Thursday, May 31, 2018

Still more open-top car loads

I have written several posts about making and using removable loads for open-top cars, both bulk materials like coal, ore and sand, and then also materials like pipe and lumber, that have to be restrained by spacers and stakes. And then there are various kinds of crates and other packages which can be interesting loads. These previous posts are readily found by using the search term “open-top cars” in the search box at right.
     In the present post, I want to show a few more examples of different kinds of these loads. I have mentioned pipe loads in several earlier posts, including showing how I make most of them from drinking straws or coffee stirrers (see, for example, this post: http://modelingthesp.blogspot.com/2012/01/open-car-loads-pipe-in-gondolas.html ). I have deliberately arranged these various loads with different kinds of stake restraints, following prototype photos, with some additional guidance from the AAR Loading Rules booklets. (Either I don’t fully understand those rules — certainly possible — or else those rules were not always obeyed). Here is an example of another of these pipe loads, also made from plastic straws.


The gondola, SP 160185, is a Tangent model of SP Class G-70-12 which, having been built in 1953, the year I model, is portrayed as almost clean.
     As I have mentioned in previous posts, there are some good commercial loads that can either be used as-is, or modified to fit particular cars. Shown below is a Chooch molded load depicting coils of wire. It did not fit into this gondola, and had to be cut and trimmed so that it would work. It is seen here in Reading 25034, a re-detailed USRA gondola from Walthers, modeling Reading class GML.


Another example of a commercial load, modified to fit some of my freight cars, is this cable reel set, though I have owned it for so long I no longer remember the manufacturer. Here the gondola, NYC 707698, is again a re-detailed Walthers USRA steel gondola.


     I have shown girder loads before in this blog, and continue to enjoy them as excellent examples of loads the railroads were (in the transition era) uniquely equipped to carry. I have made a couple of such loads by kitbashing Atlas bridge girders, and recently adopted one such load for a 65-foot mill gondola. The bracing is one of the arrangements shown in the AAR Loading Rules. Such a load has no reasonable destination on my layout, but instead moves in mainline trains that simply pass by on the SP Coast Route.


The gondola, a model of PRR Class G26, is built from an E&B Valley kit. You may note that the car’s top chord has some bends and dents, as was common in mill gondolas; these were accomplished with gentle use of a warm soldering iron.
     Sometimes upright girders like the one shown above were more extensively braced. Richard Hendrickson built such a set of bracing for one of his loads that I inherited, as you see below. It is a girder from a Central Valley bridge kit.


This girder was built to be overlength even for a 65-foot gondola, and thus to overhang one end of the car. An idler flat car would be coupled here, of course, during car movement to destination. Richard built two of these girders, so that he could model a group of cars loaded with bridge components (I showed the entire group in a previous post, which is at: http://modelingthesp.blogspot.com/2015/03/richard-hendricksons-multi-car-loads.html .)

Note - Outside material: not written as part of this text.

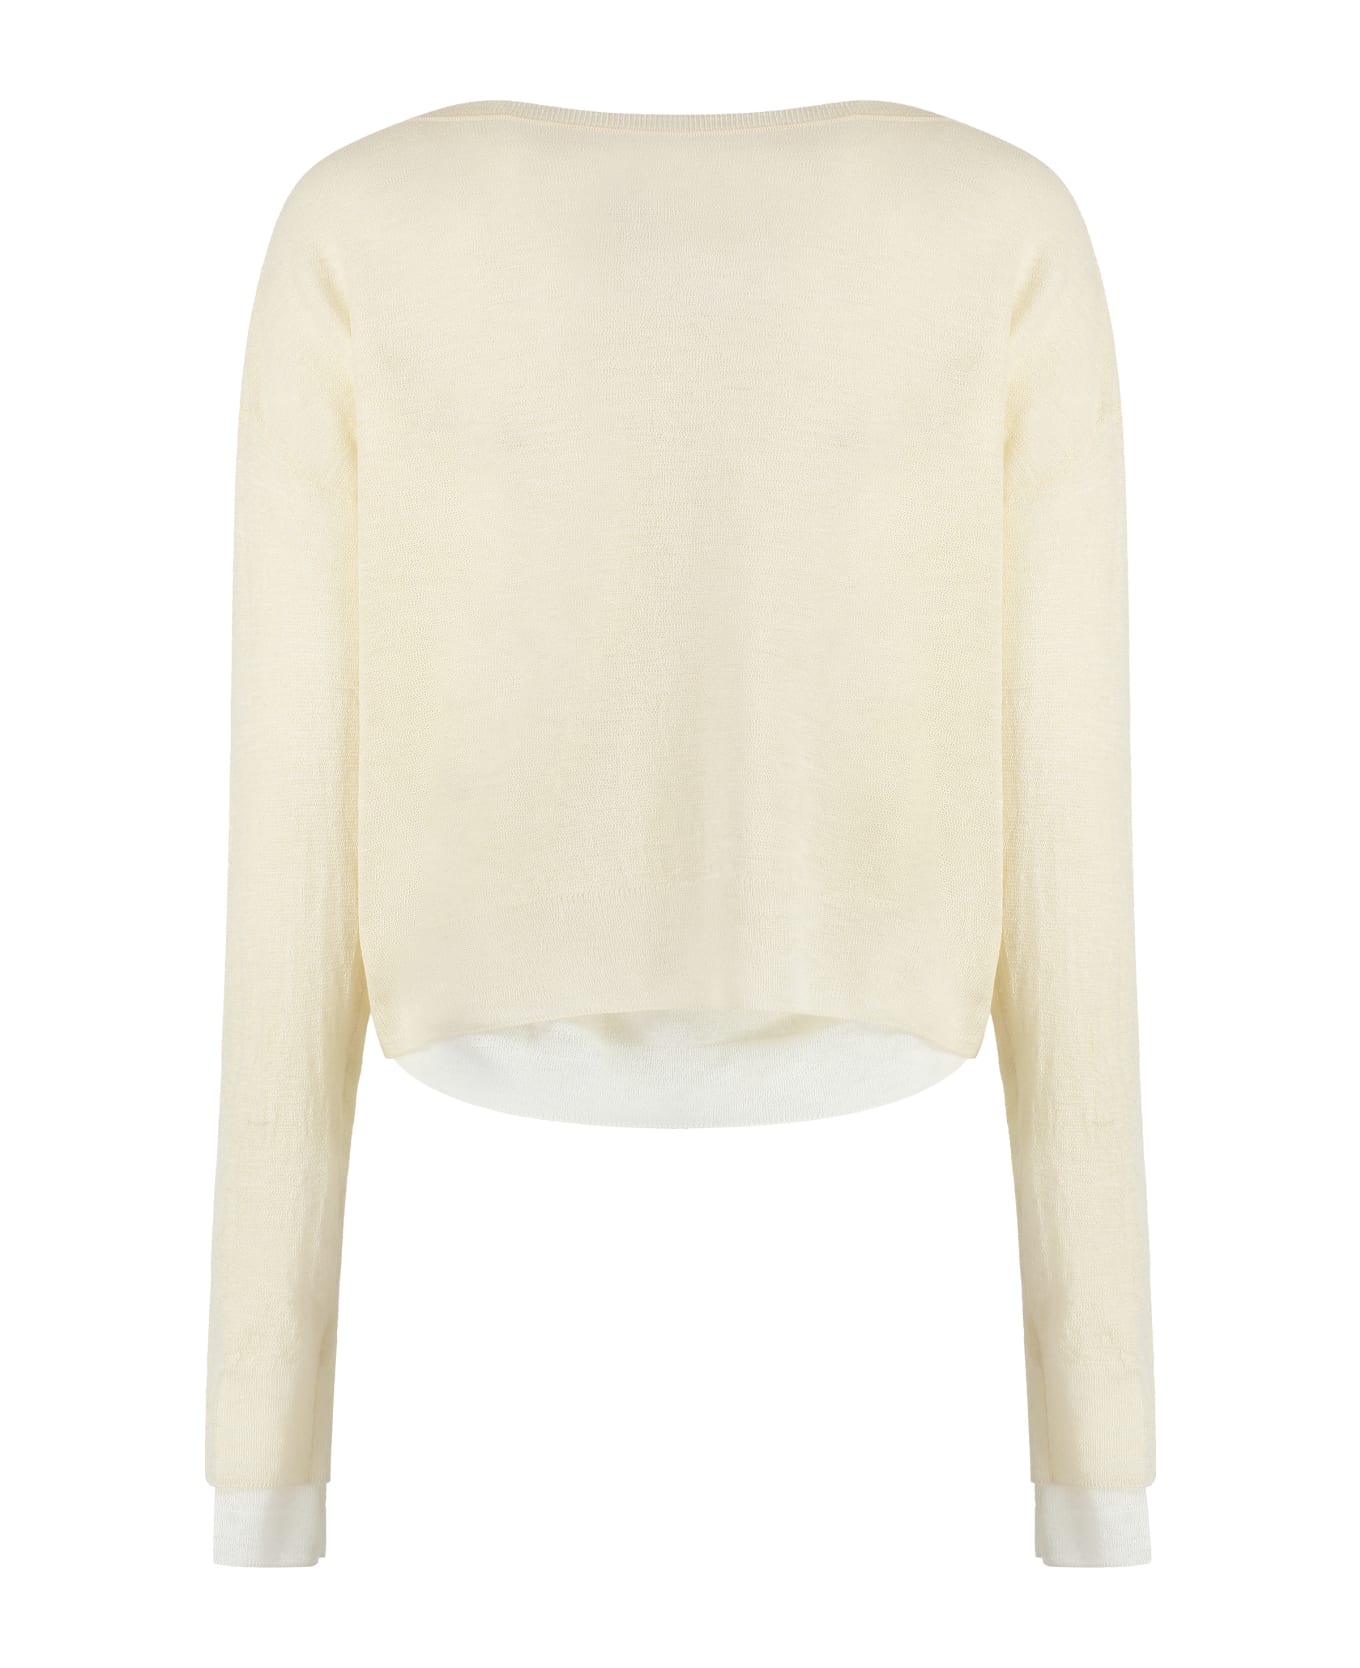 Vince Long Sleeve Crew-neck Sweater - Ivory

This gondola, CRP 89065, is a Precision Scale brass model. The CRP was a Central of New Jersey subsidiary.
     Lastly, I will show a pair of crates, made to ride on a flat car. They are marked for Lucifer Furnaces, a company in Pennsylvania. The flat car is an upgraded Athearn 40-footer, with new Tuttle sill steps, wire grab irons, and a vertical-staff handbrake. You can click to enlarge the image.


     All these loads are part of the variety I like to include in my open-top cars. In the transition era, which I model, there was such a preponderance of house cars that these visible loads make a nice change from the remainder of most trains.
Tony Thompson

8 comments:

  1. These are some nice looking loads, Tony. And I especially like the chalk marks on some of the cars.

    -Jack Shall

    ReplyDelete
    Replies
    1. Thanks, Jack. Nearly all my cars have chalk marks because nearly all prototype car photos show chalk marks -- except builder photos, of course.
      Tony Thompson

      Delete
  2. Hi Tony, great post. I've asked this over on the OPSig group as well, but do you know what the procedure would be on the prototype for the waybills that used idler cars? Have you covered this in one of your posts before? Cheers!

    ReplyDelete
    Replies
    1. I have been told of two ways. One, both cars are listed on the waybill. The other is with a second waybill or car slip, with the idler car on it, stating "see attached waybill" or equivalent language.
      Tony Thompson

      Delete
  3. Almost certainly the 'reels' load is Tyco. ;)

    ReplyDelete
    Replies
    1. Yes, the Tyco/Mantua 50' flat car with cable reels was common.
      Revell 52' flat cars (now Con-Cor) also have cable reels.
      The loads appear to be identical.
      Con-Cor still sells the cable reels, but in their old modified ex-Revell 52' 70 ton PRR-style gondolas.

      Delete
  4. Thanks, I have been told that by others also. Have no memory of where or how I acquired it, or even if it was originally attached to a freight car.